Hacker News new | ask | show | jobs
by bob1029 904 days ago
For our product, I'd consider an acceptable RPO for our most stringent customer to be no more than 5 seconds of committed data loss under a catastrophic scenario (i.e. primary log writer wiped off face of planet instantly). The reason I say 5 seconds and not 0 seconds is because performance is also a feature, and we don't want to shoot our other foot off if blocking/synchronous log replication happens to get stuck for a few minutes. A region-ending event is orders of magnitude more rare than a fiber cut, so an argument can be made for async replication.

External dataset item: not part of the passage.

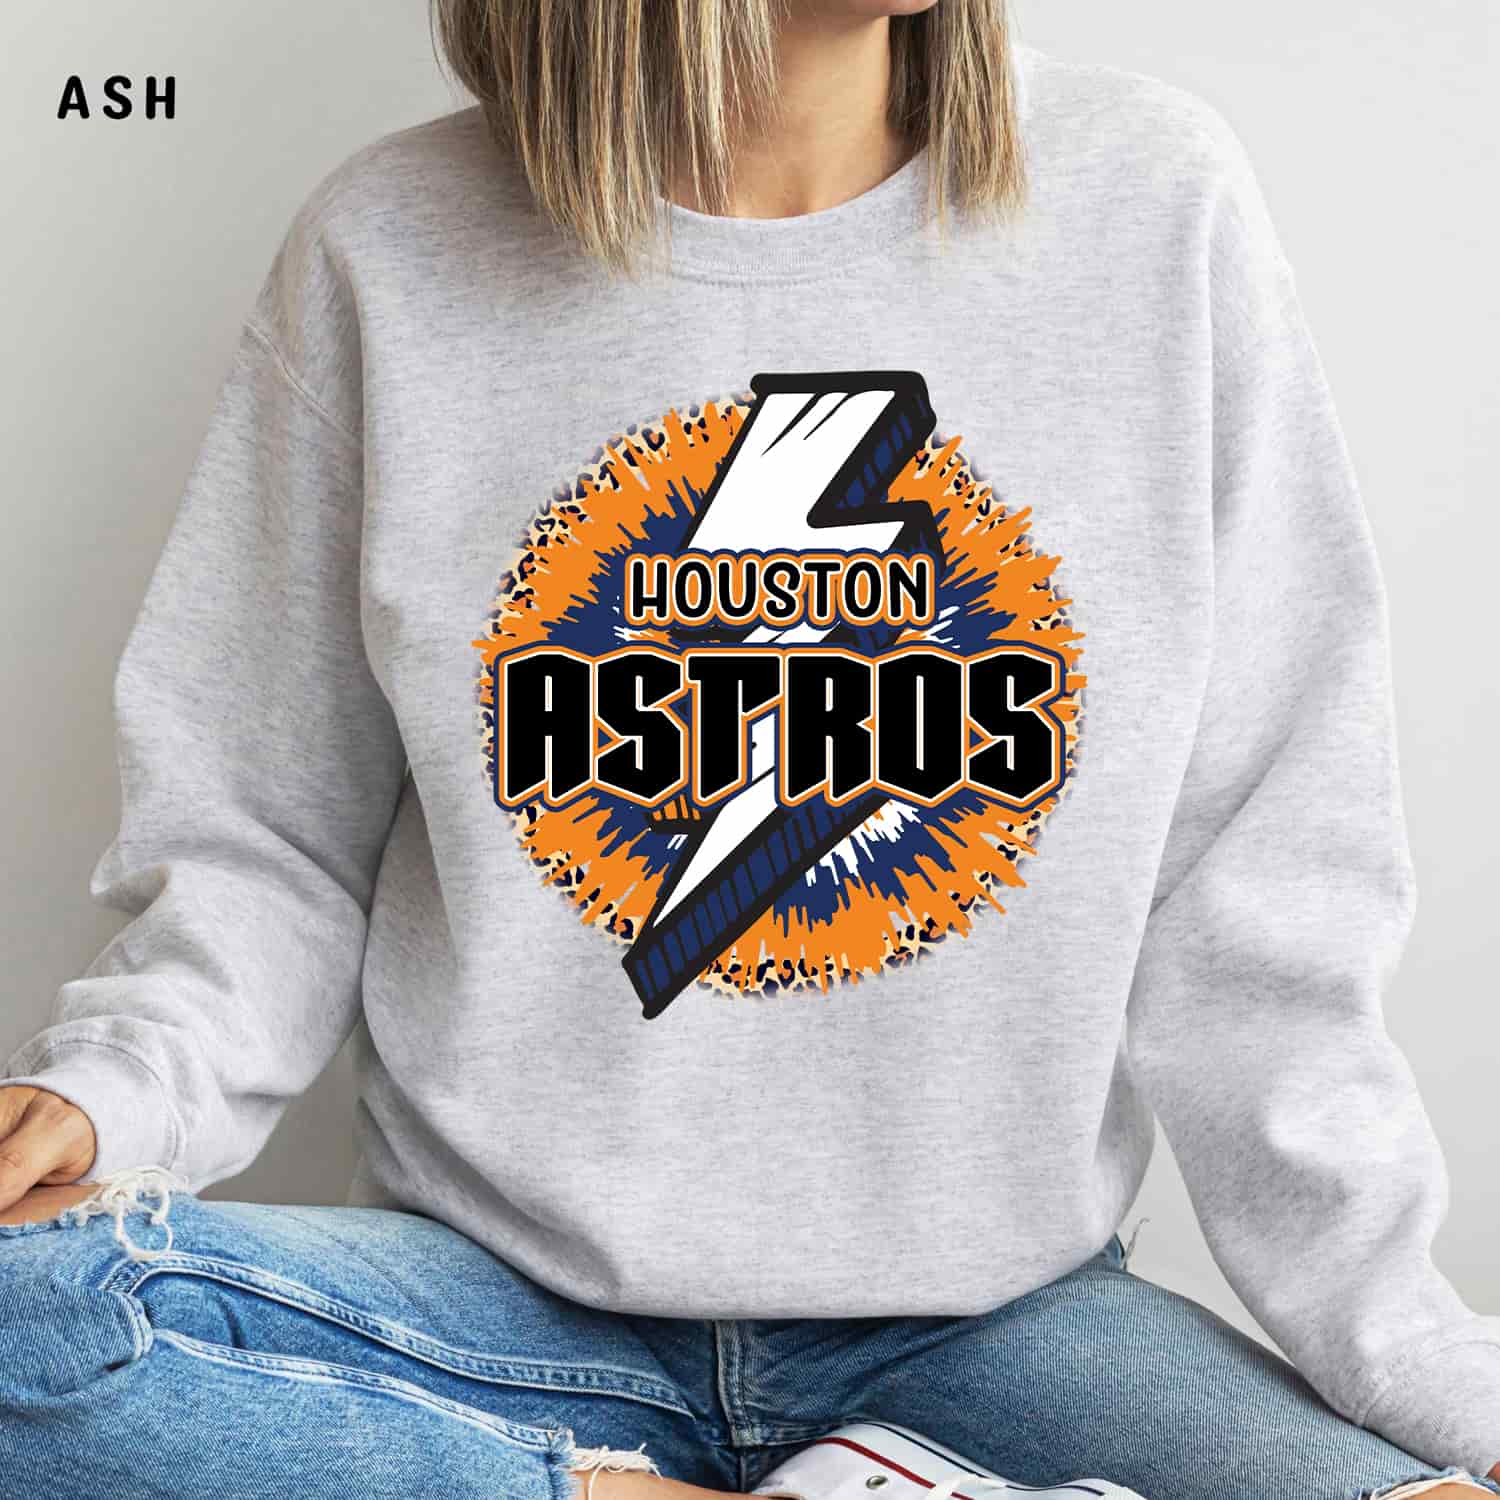 astros ladies shirts

There are other bank systems that do utilize hard, synchronous replication semantics (hopefully for obvious reasons), but they can afford to sacrifice performance and availability during business hours (more than we can). We always defer to the records in these systems.

We can tolerate a few bits of work getting out of sync and needing to be recovered in the back office. Mopping up a little bit of extra trash after the apocalypse is acceptable to all involved. We cannot tolerate all users being blocked for more than a few minutes, nor can we tolerate a de-sync of aggregate system state exceeding the same. Anything beyond this and we are at risk of having to wipe all work and disrupt end customer activity to keep ops and support teams from crashing.

2 comments

Thanks a lot for sharing bob1029, nice explanation and justifications, much appreciated!
Someone who understands the careful balance to strike, when data availability is actually the most important factor.

I'm in a very similar situation in my industry. Thanks for your words.